Provision for Credit Losses. The Bank
establishes provisions for credit losses, which are charged to
operations in order to maintain the allowance for credit losses at
a level it considers necessary to absorb probable credit losses
attributable to uncollectible loans that are reasonably estimable
at the balance sheet date. In determining the level of the
allowance for credit losses, the Bank considers, among other
things, past and current loss experience, evaluations of real
estate collateral, economic conditions, the amount and type of
lending, adverse situations that may affect a borrower's ability to
repay a loan and the levels of delinquent, classified and
criticized loans. The amount of the allowance is based on estimates
and the ultimate losses may vary from such estimates as more
information becomes available or conditions change.

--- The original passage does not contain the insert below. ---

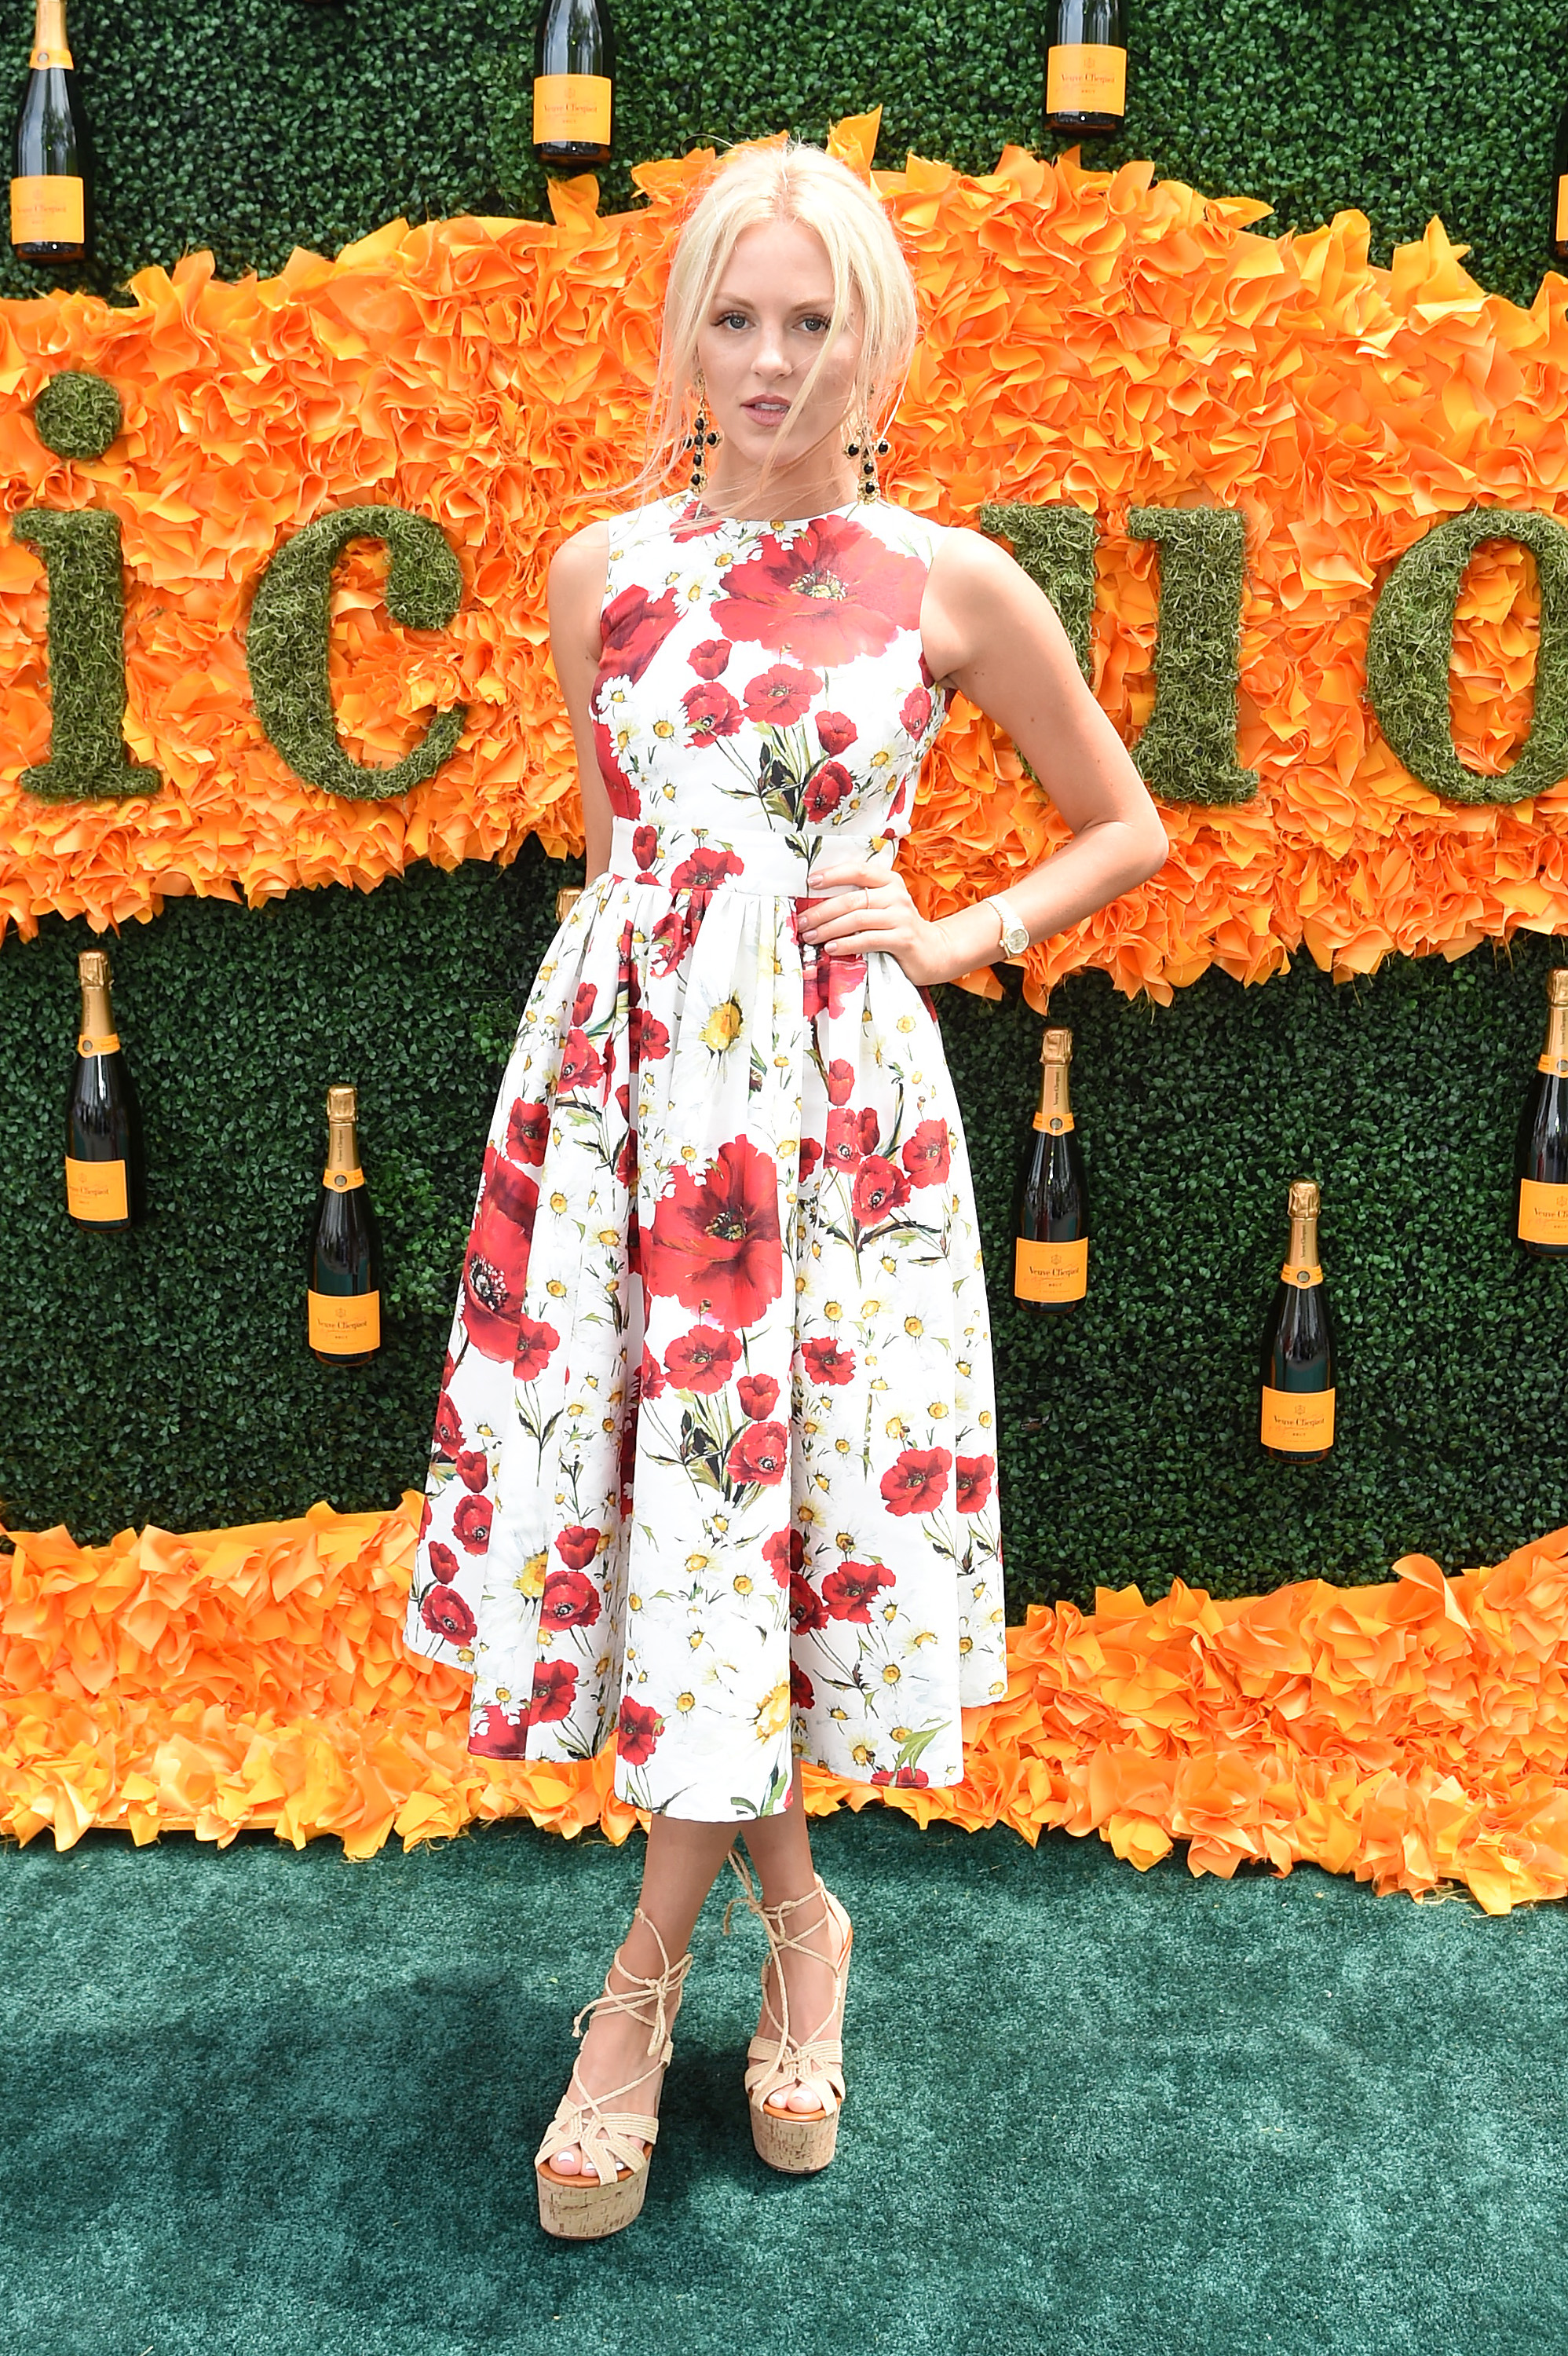 JERSEY CITY, NJ - JUNE 04:  Shea Marie attends the Ninth Annual Veuve Clicquot Polo Classic at Liberty State Park on June 4, 2016 in Jersey City, New Jersey.  (Photo by Jamie McCarthy/Getty Images for Veuve Clicquot)

The Bank
assesses the allowance for credit losses and records provisions for
credit losses on a quarterly basis.
The Bank recorded a recovery for credit losses of $142,000 for the three months ended March 31, 2024 as compared to a recovery for
credit losses of $107,000 for the
three months ended December 31, 2023.
The increased recovery reflected slower loan growth, no charge-offs
during the period and continued strong credit quality. The Bank had
no charge-offs for the three months ended March 31, 2024 and $220,000 of non-performing loans and $220,000 of classified loans at March 31, 2024 compared to no charge-offs for the
three months ended December 31, 2023
and $145,000 of non-performing loans
and $145,000 of classified loans at
December 31, 2023. The Bank's
allowance for credit losses as a percentage of total loans was
0.72% at March 31, 2024 compared to
0.74% at December 31, 2023.
Noninterest Income. Noninterest income
increased $151,000 or 41.4%, to
$516,000 for the three months ended
March 31, 2024 from $365,000 for the three months ended December 31, 2023, primarily as a result of an
increase in other noninterest income of $141,000, or 115.6%, for the three months ended
March 31, 2024 compared to the three
months ended December 31, 2023.
Noninterest Expense. Noninterest expense
increased $95,000, or 1.3%, to
$7.6 million for the three months
ended March 31, 2024 from
$7.5 million for the three months
ended December 31, 2023, primarily as
a result of an $317,000, or 50.0%,
increase in data processing expense, of which $242,000 consisted of system deconversion fees
related to the Merger. The increase was offset by a $244,000, or 6.3%, decrease in salaries and
employee benefits primarily due to a $210,000 decrease in ESOP expense resulting from
a full-year allocation of unallocated shares in 2023 following the
Merger. In addition, there was a $207,000, 36.7%, decrease in professional fees,
due to the fees associated with the Merger in 2023. Additional
one-time data processing expenses of $200,000 are expected to be incurred during the
three months ended June 30, 2024.
Income Tax Expense. The provision for income
taxes was $292,000 for the three
months ended March 31, 2024, compared
to $408,000 for the three months
ended December 31, 2023. The Bank's
effective tax rate was 21.5% for the three months ended
March 31, 2024 compared to 20.2% for
the three months ended December 31,
2023.
Comparison of Financial Condition at March 31, 2024 and June
30, 2023
Assets. Assets increased $401.3 million, or 61.6%, to $1.05 billion at March 31,
2024 from $651.5 million at
June 30, 2023. The increase was the
result of the acquisition of Regal Bancorp on September 19, 2023, which had total assets of
$430.7 million at the time of the
Merger, offset by a decrease in cash used to repay a $20.0 million borrowing during the three months
ended March 31, 2024.
Cash and Cash Equivalents. Cash and cash
equivalents increased $30.0 million,
or 70.8%, to $72.5 million at
March 31, 2024 from $42.4 million at June
30, 2023. The increase was due to the acquisition of
Regal Bancorp, which had cash and cash equivalents of $55.3 million at the time of the Merger, which
was offset by the cash used to repay a $20.0
million borrowing during the three months ended March 31, 2024.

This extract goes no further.